* _REQUIRED WORK_
Below, find the line containing "aespa – Next"; from there to the final line, print every line exactly and skip the pictures.

* _DATA SHOWN_
╭──
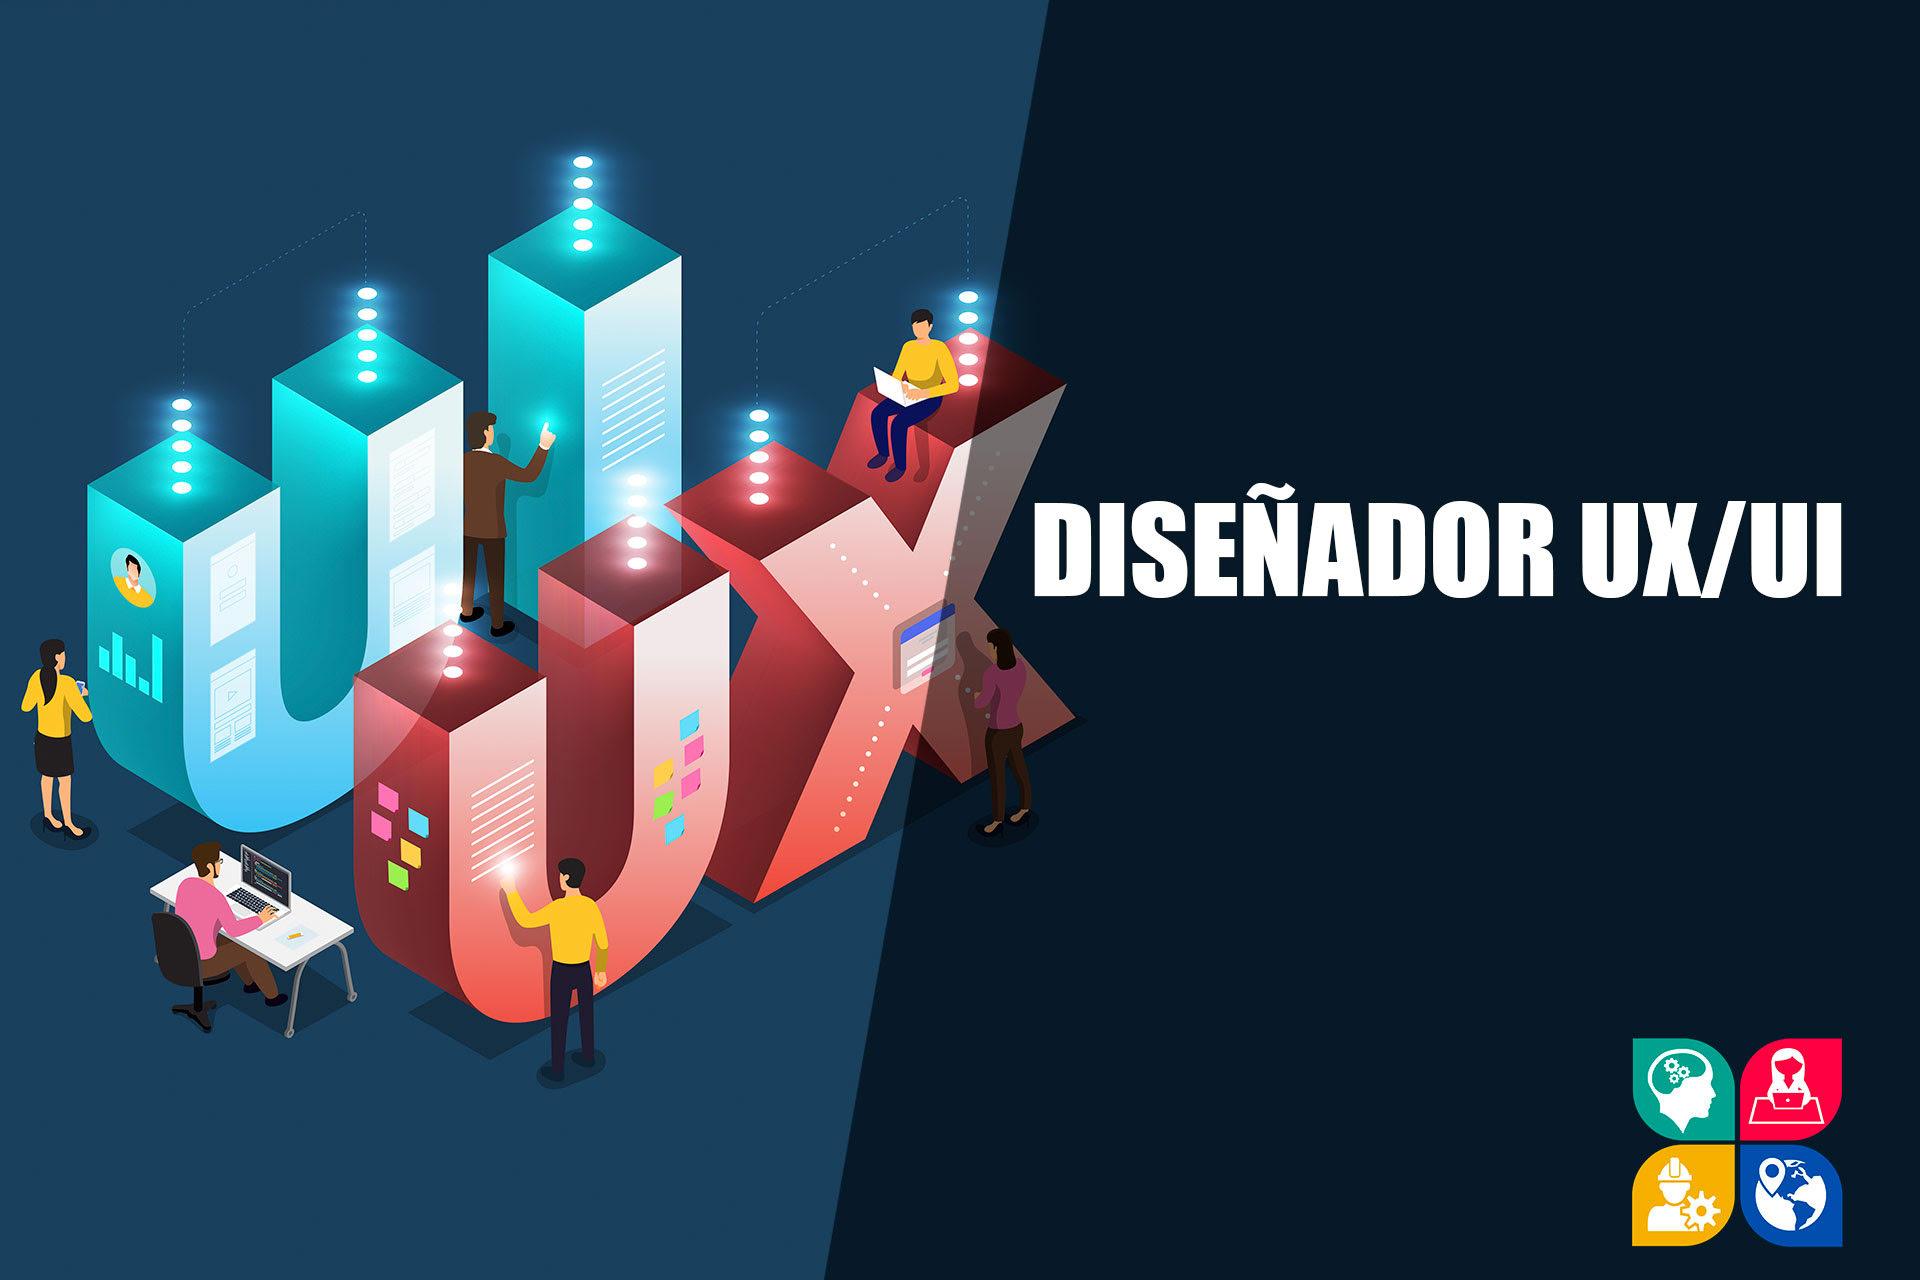 Diseñador UX/UI
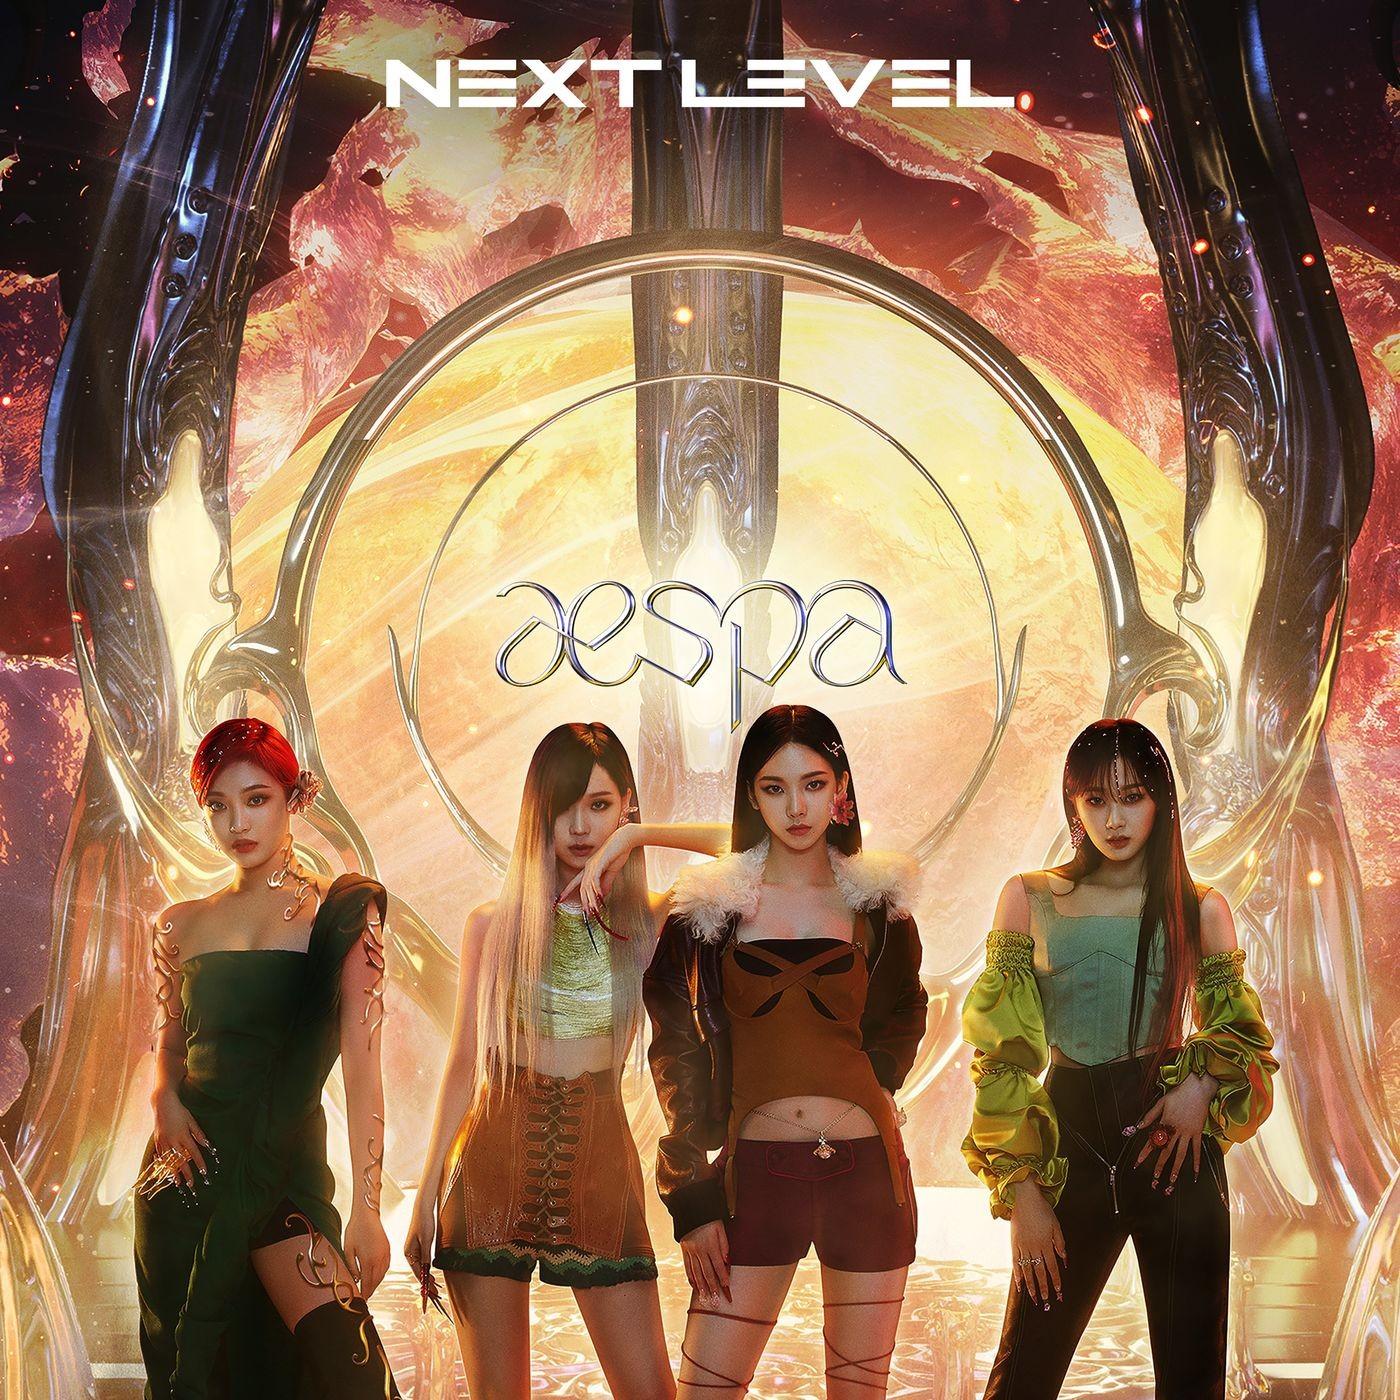 aespa – Next Level [FLAC + MP3 320 / WEB] [2021.05.17]
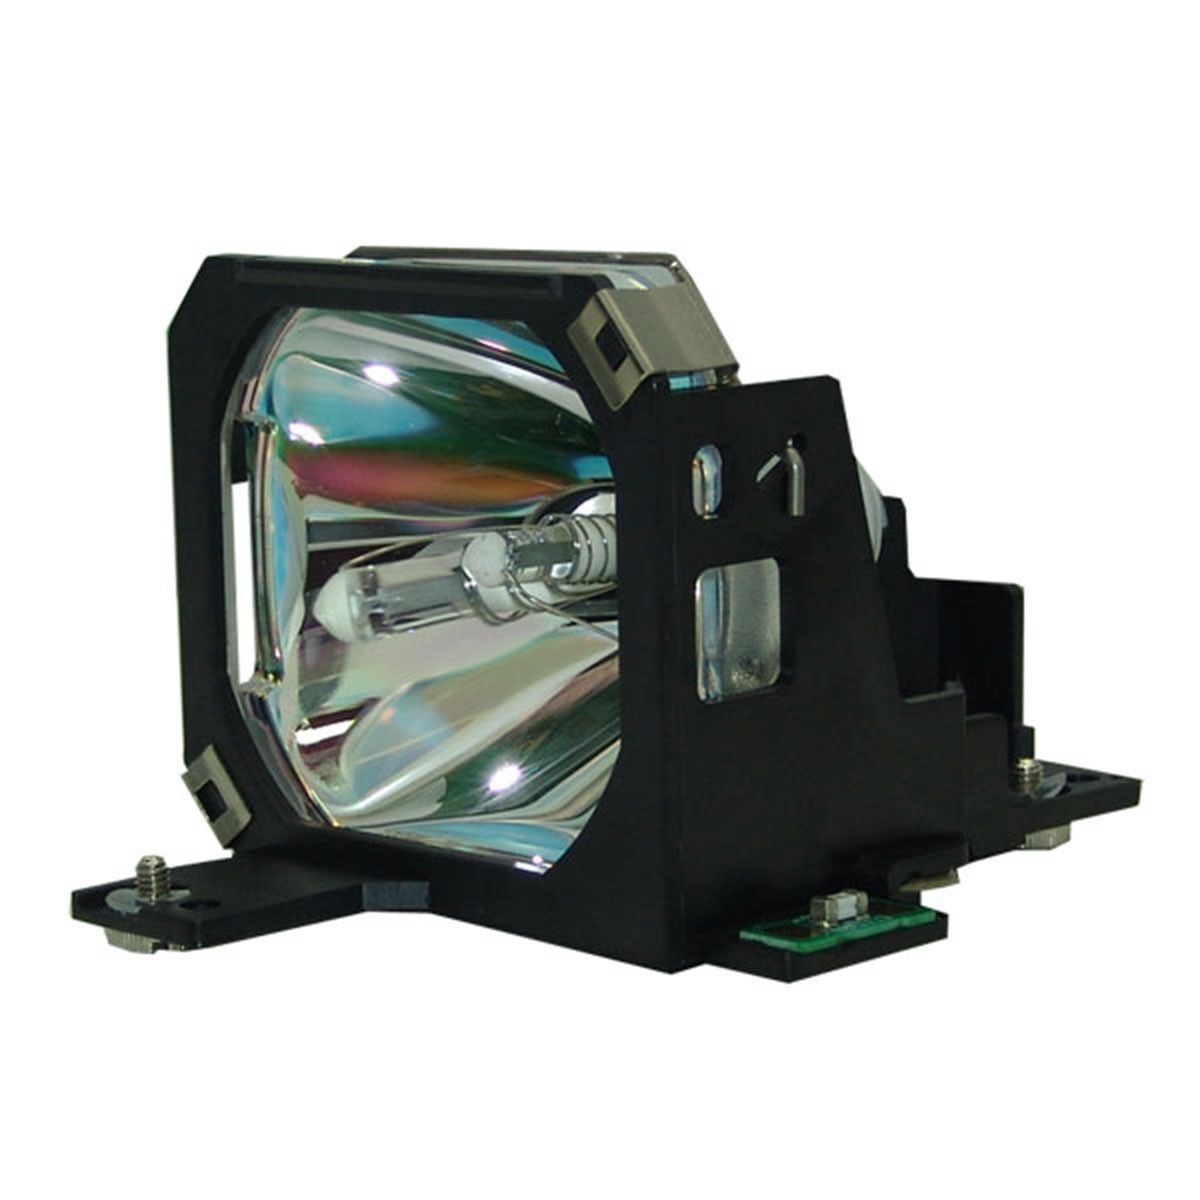 Projector Lamp Bulb ELPLP07 V13H010L07 for Epson EMP-5550 EMP-7550 Powerlite 5550 / Powerlite 7550 with housing elplp07 projector lamp with housing for epson emp 5500 emp 5500c emp 5550 emp 5550c emp 7500 emp 7500c emp 7550
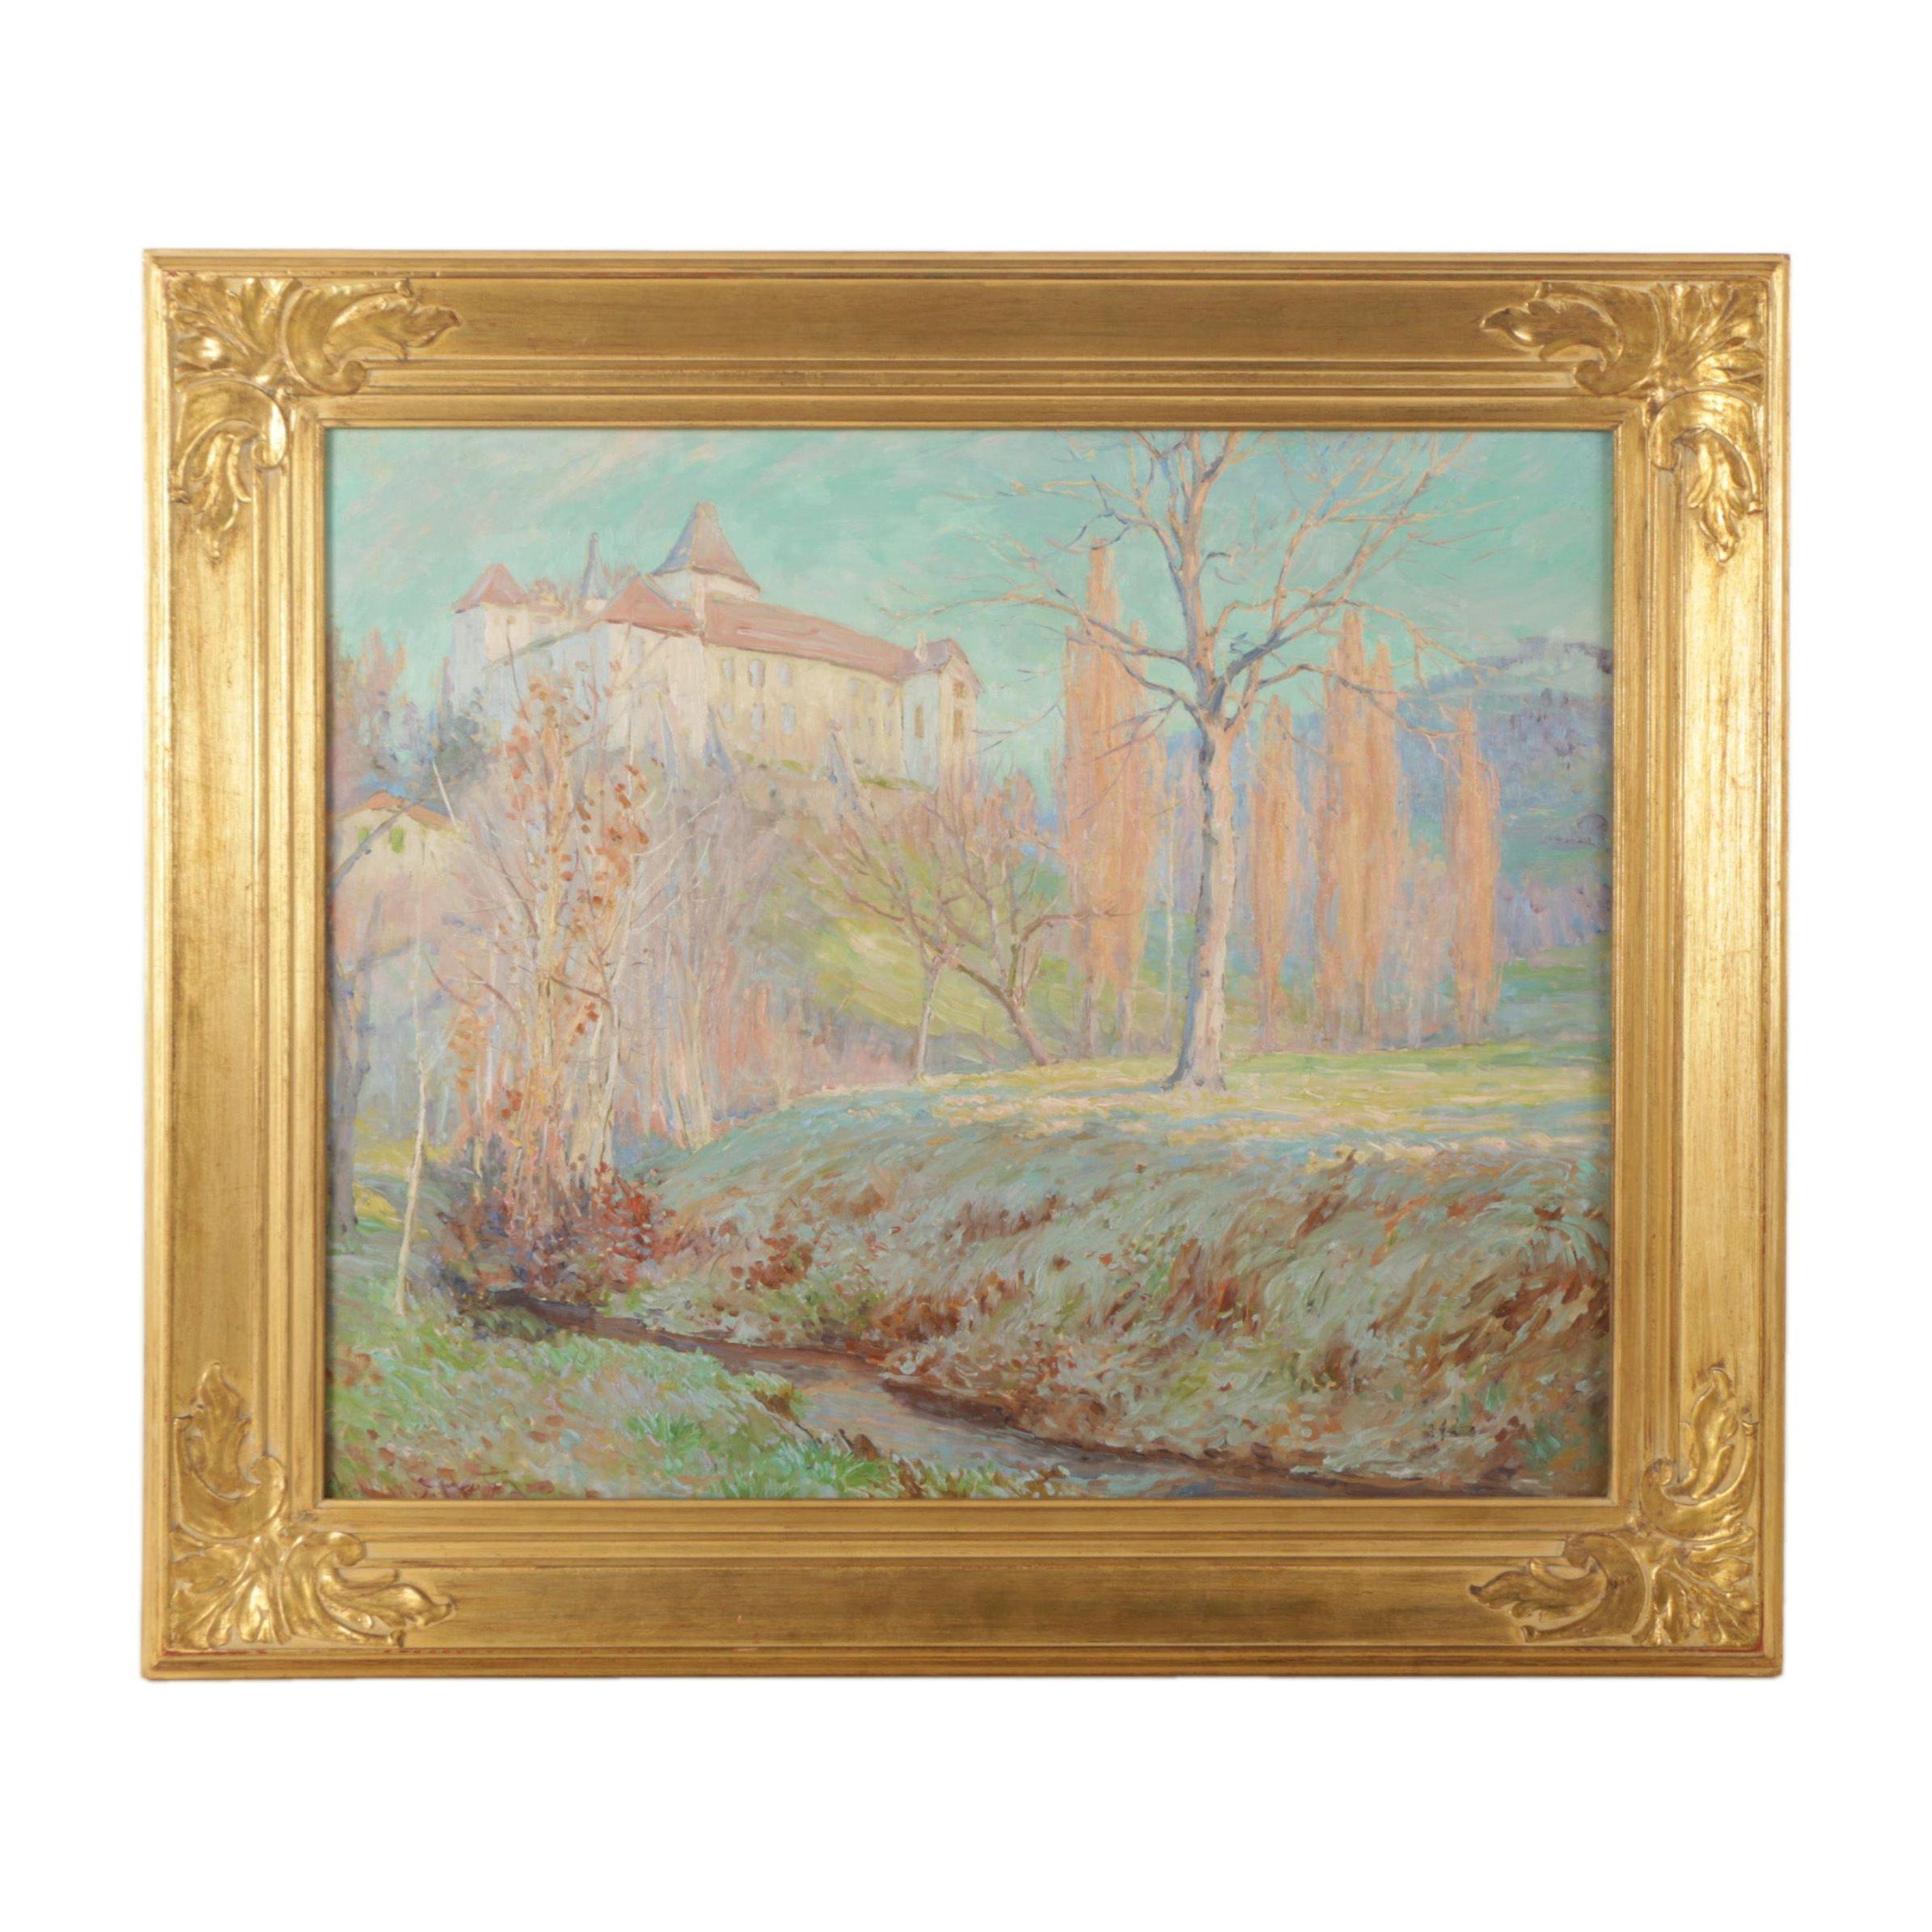 "William Samuel Horton Oil Painting on Board ""Chateau de Blonay"""
╰──
* _EXERCISE RESPONSE_
 aespa – Next Level [FLAC + MP3 320 / WEB] [2021.05.17]
 Projector Lamp Bulb ELPLP07 V13H010L07 for Epson EMP-5550 EMP-7550 Powerlite 5550 / Powerlite 7550 with housing elplp07 projector lamp with housing for epson emp 5500 emp 5500c emp 5550 emp 5550c emp 7500 emp 7500c emp 7550
 "William Samuel Horton Oil Painting on Board ""Chateau de Blonay"""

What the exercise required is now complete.